Using a GUI for these tasks would usually be tedious, considering that these tasks may need to be performed on a regular basis. Hence, rather than repeating these manually using specific applications, such as a download manager, photo editor, spreadsheet, and so on, or getting a custom application written, the professional in each case can use the command line to automate these jobs, consequently reducing drudgery, avoiding errors, and freeing the person to engage in the more important aspects of their job. Besides this, every new version of a GUI invalidates a lot of what you learned earlier. Menus change, toolbars look different, things move around, and features get removed or changed. It is often a re-learning exercise filled with frustration. On the other hand, much of what we learn about the command line is almost 100% compatible with the command line of 30 years ago, and will remain so for the foreseeable future. Rarely is a feature added that will invalidate what was valid before.

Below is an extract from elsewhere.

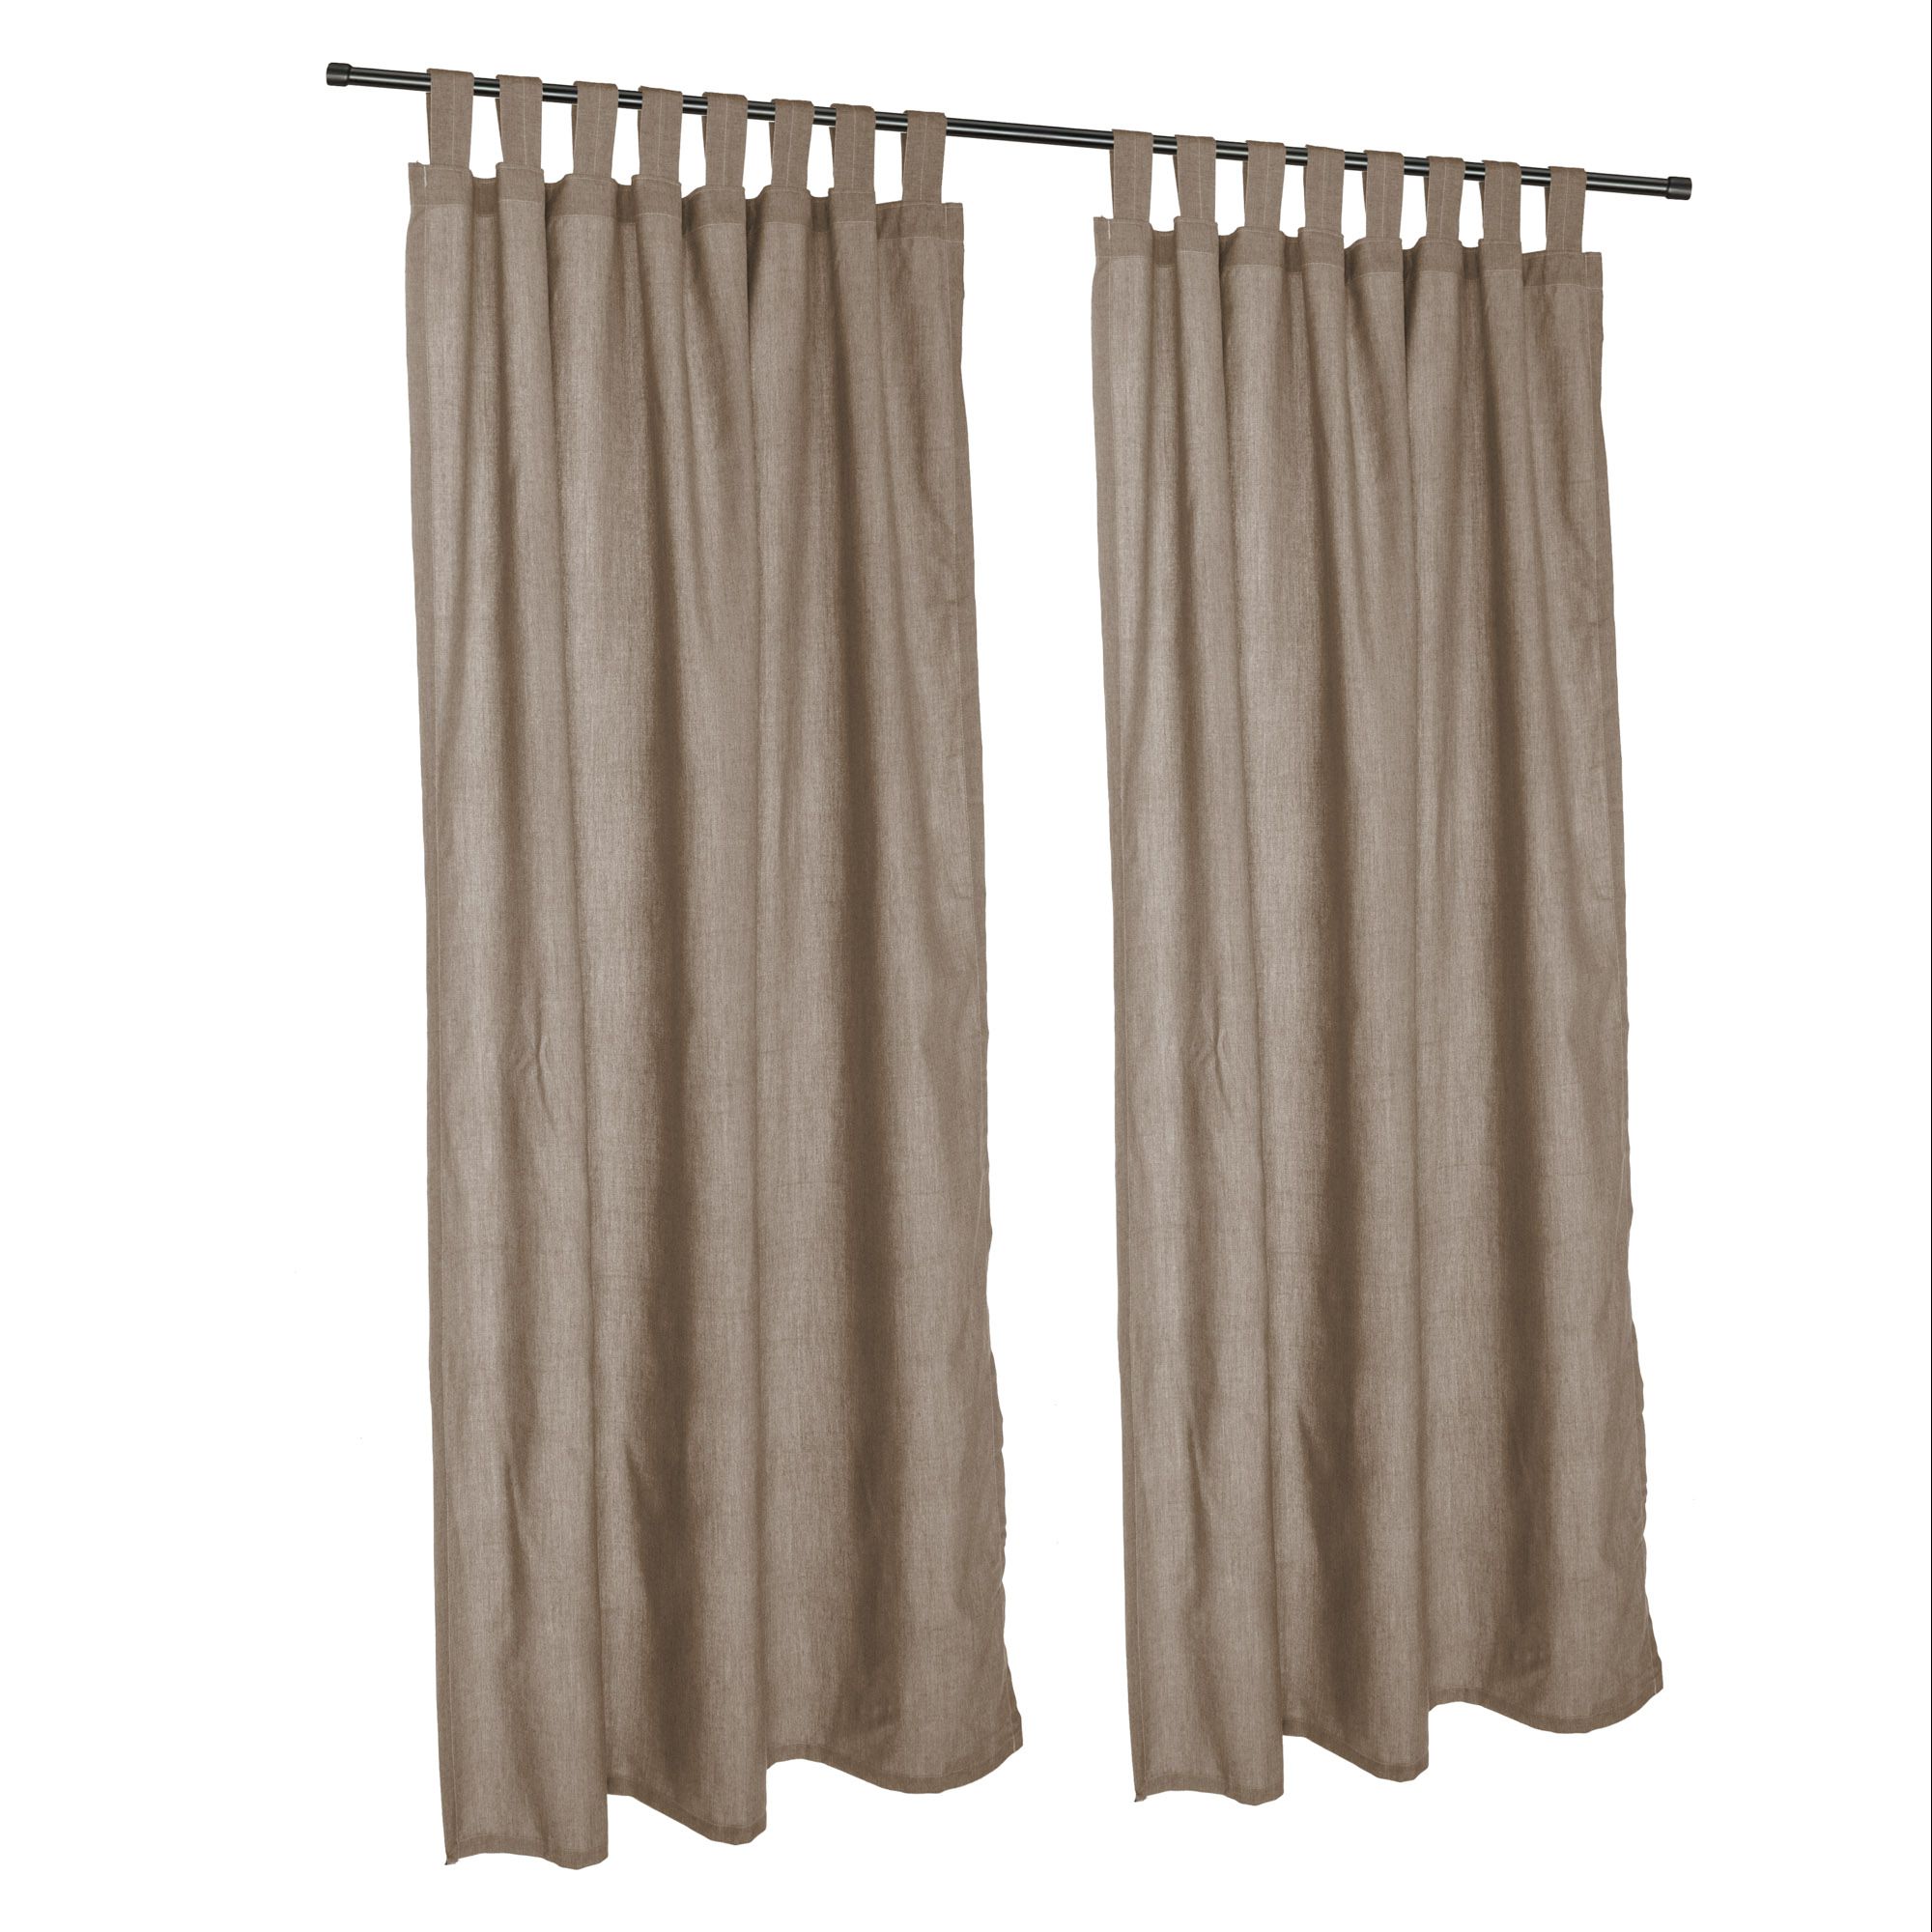 Antique Beige Grommet Sunbrella Outdoor Curtains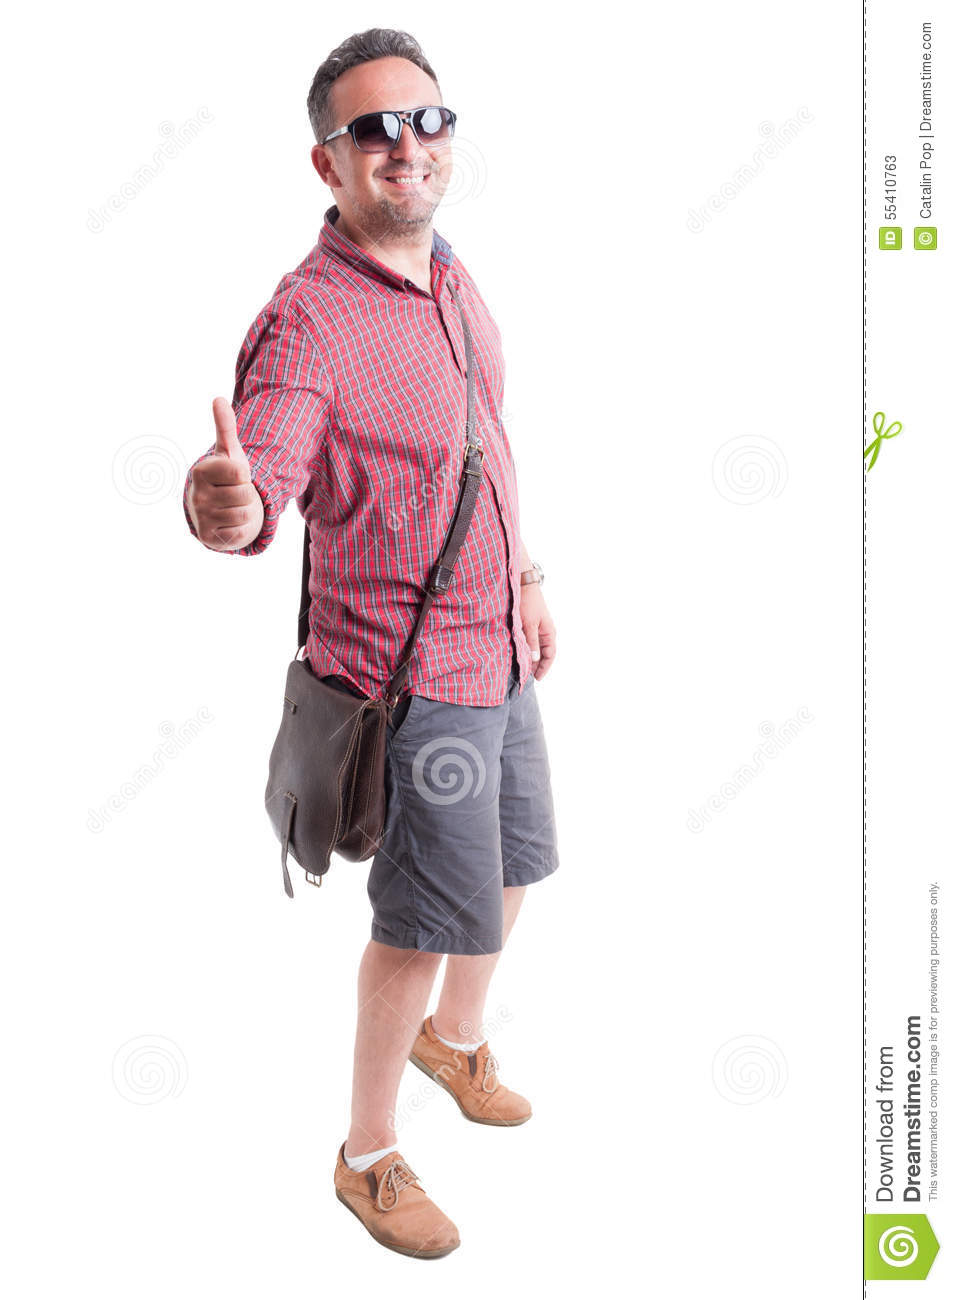 Summer Clothes Men Concept Man Model Posing Showing Like 55410763 Jpg

Everyone should use the command line because it can make life so much easier, but there is an aura of mystery surrounding the command line. Popular depictions of command-line users are stereotypical asocial geniuses. This skewed perception makes people feel it is very arcane, complex, and difficult to learn—as if it were magic and out of the reach of mere mortals. However, just like any other thing in the world, it can be learned incrementally step-by-step, and unlike learning GUI programs, which have no connection to one another, each concept or tool you learn in the command line adds up.

Command Line: History, Shells, and Terminology

It is necessary for us to explore a little bit of computing history to fully comprehend the rationale behind why CLIs came into being.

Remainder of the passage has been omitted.